*Data segment*:
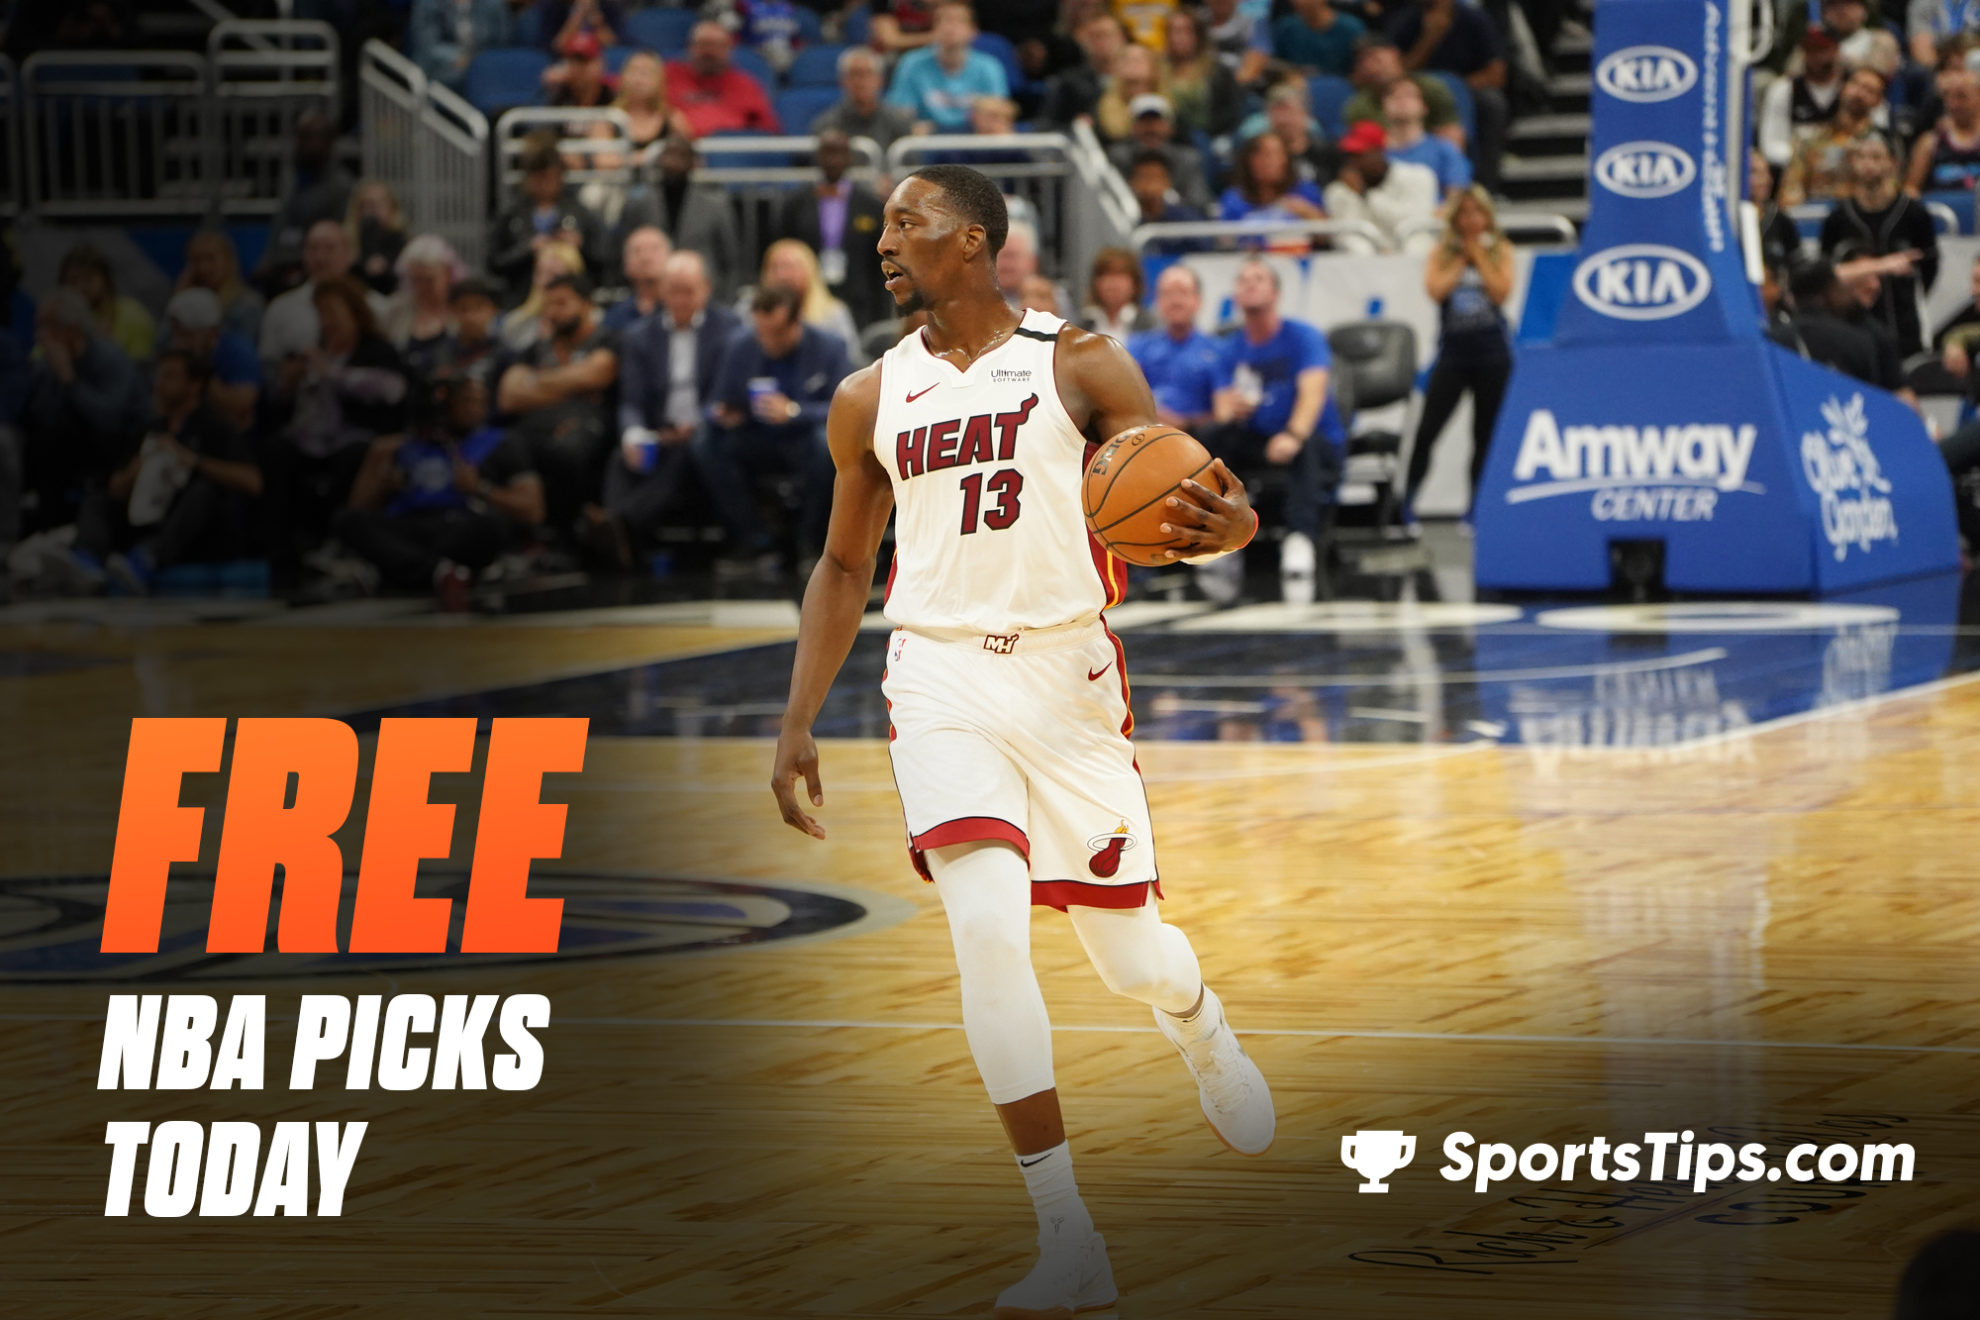 Free NBA Picks Today for Monday, March 21st, 2022
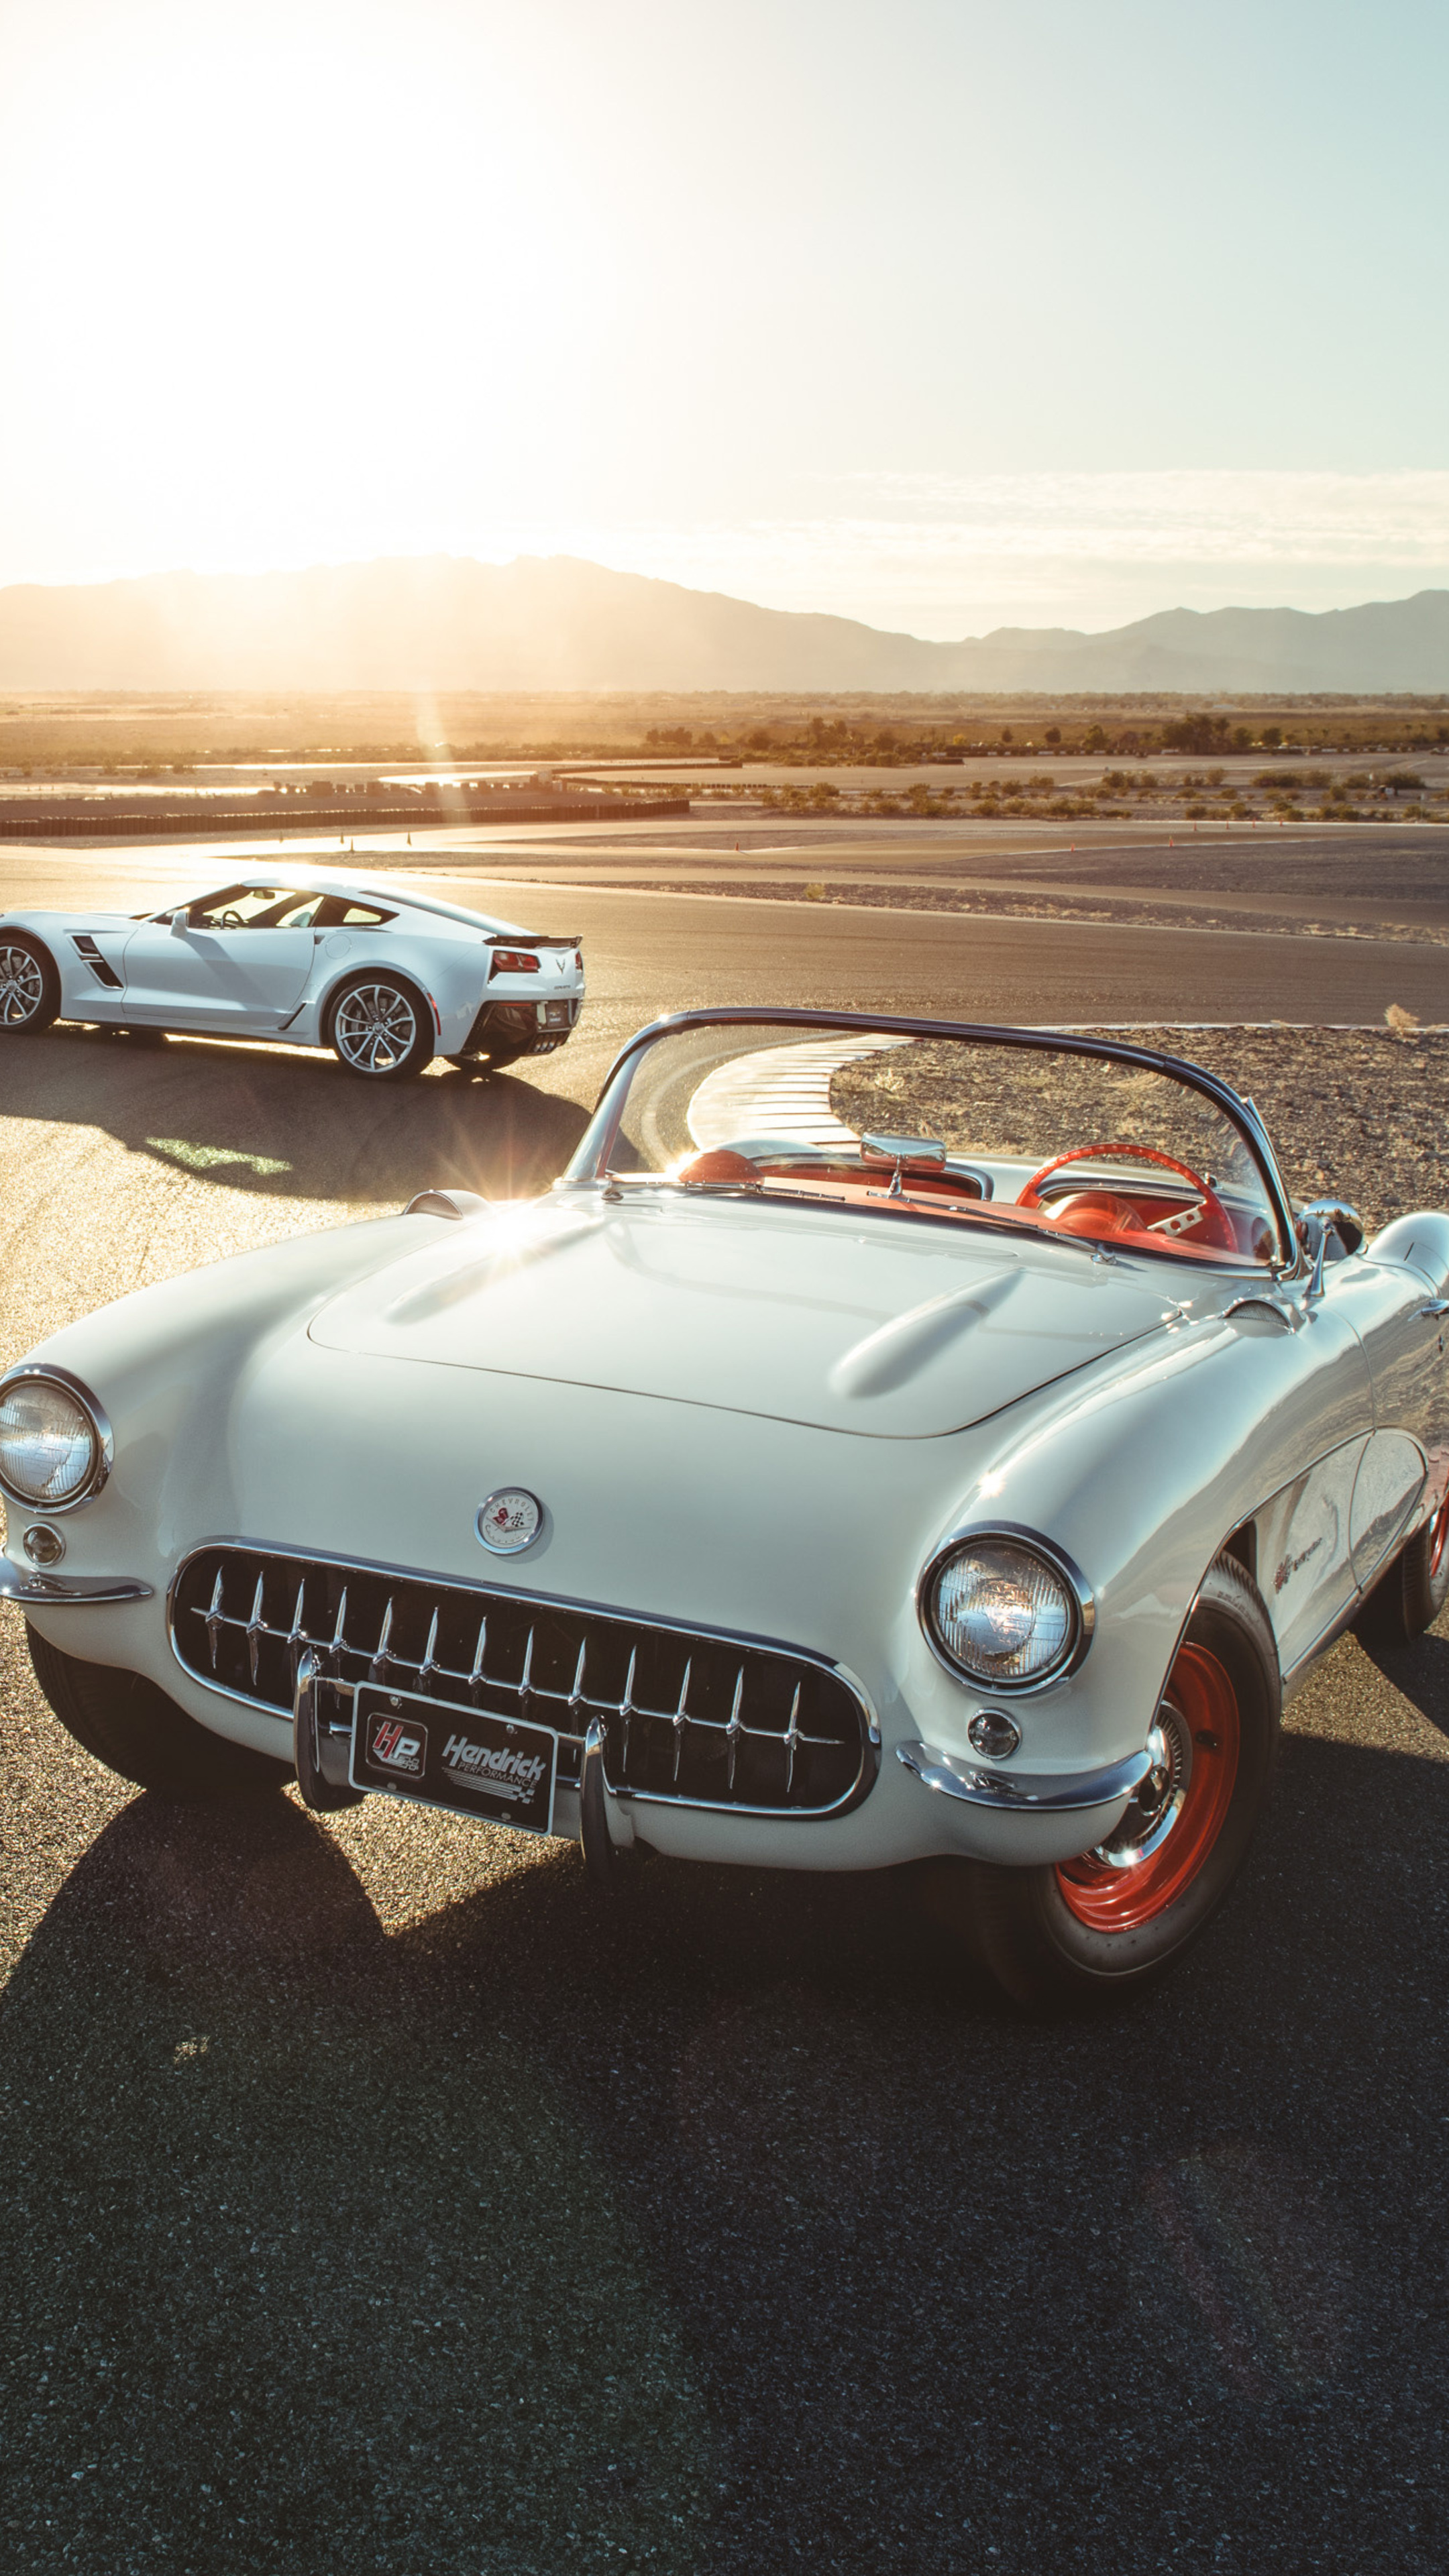 Corvette: A vintage model of 1953 near the latest ZR1 model of 2019, An American sports car with a long history. 2160x3840 4K Wallpaper.
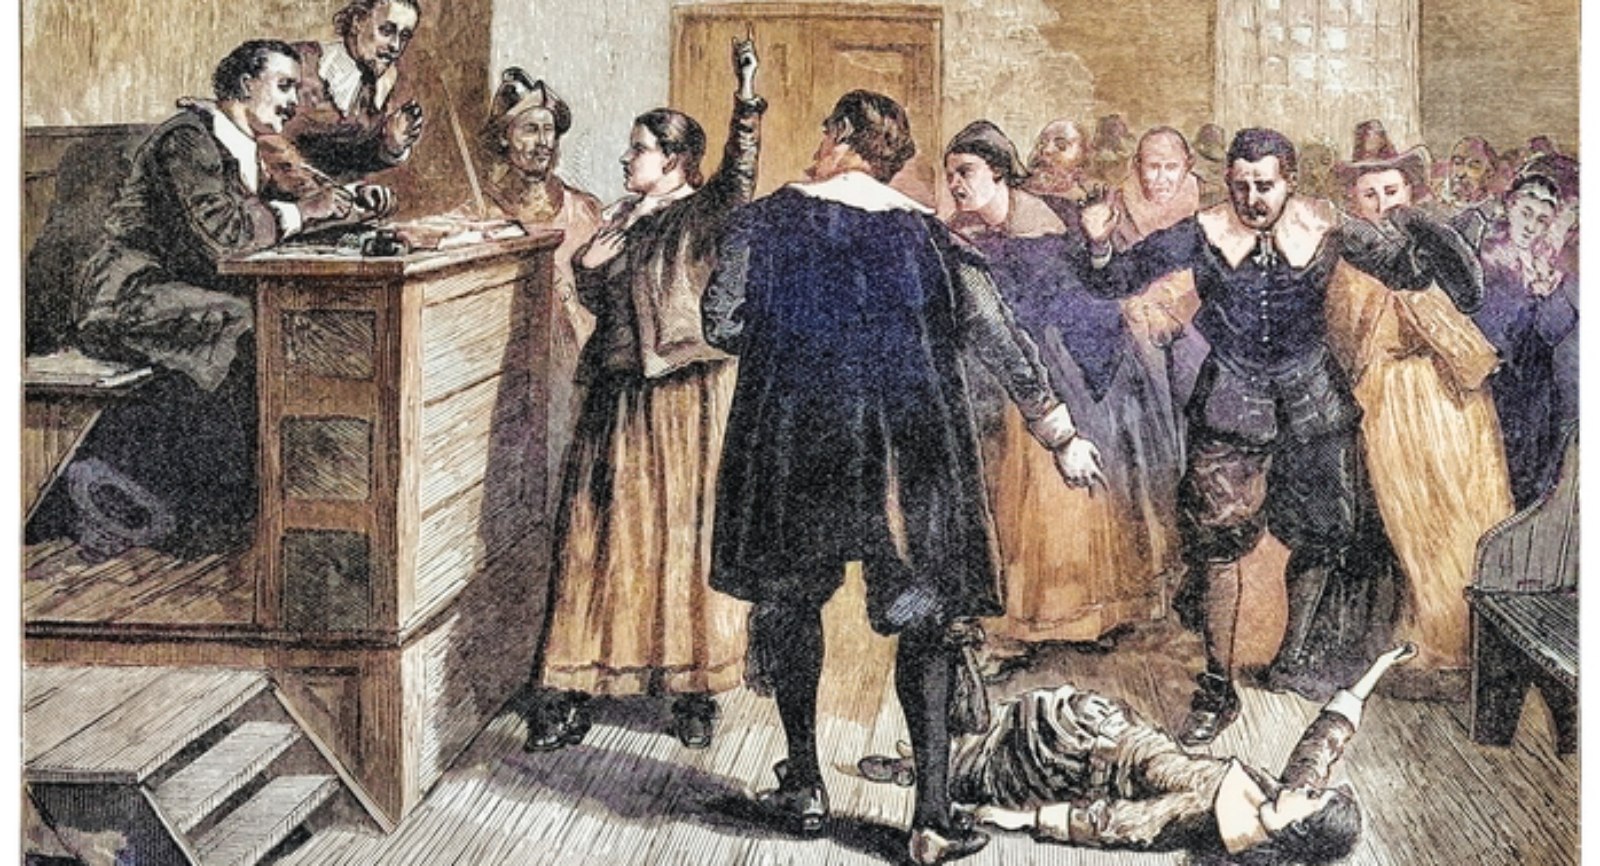 In Massachusetts, activists demand the rehabilitation of women who were tried for “witchcraft” 300 years ago

*Description of the task*: What is needed is an exact copy of every line from the one with "Corvette: A vintage" to the end of the listing above, with the pictures left out.

*Answer section*:
 Corvette: A vintage model of 1953 near the latest ZR1 model of 2019, An American sports car with a long history. 2160x3840 4K Wallpaper.
 In Massachusetts, activists demand the rehabilitation of women who were tried for “witchcraft” 300 years ago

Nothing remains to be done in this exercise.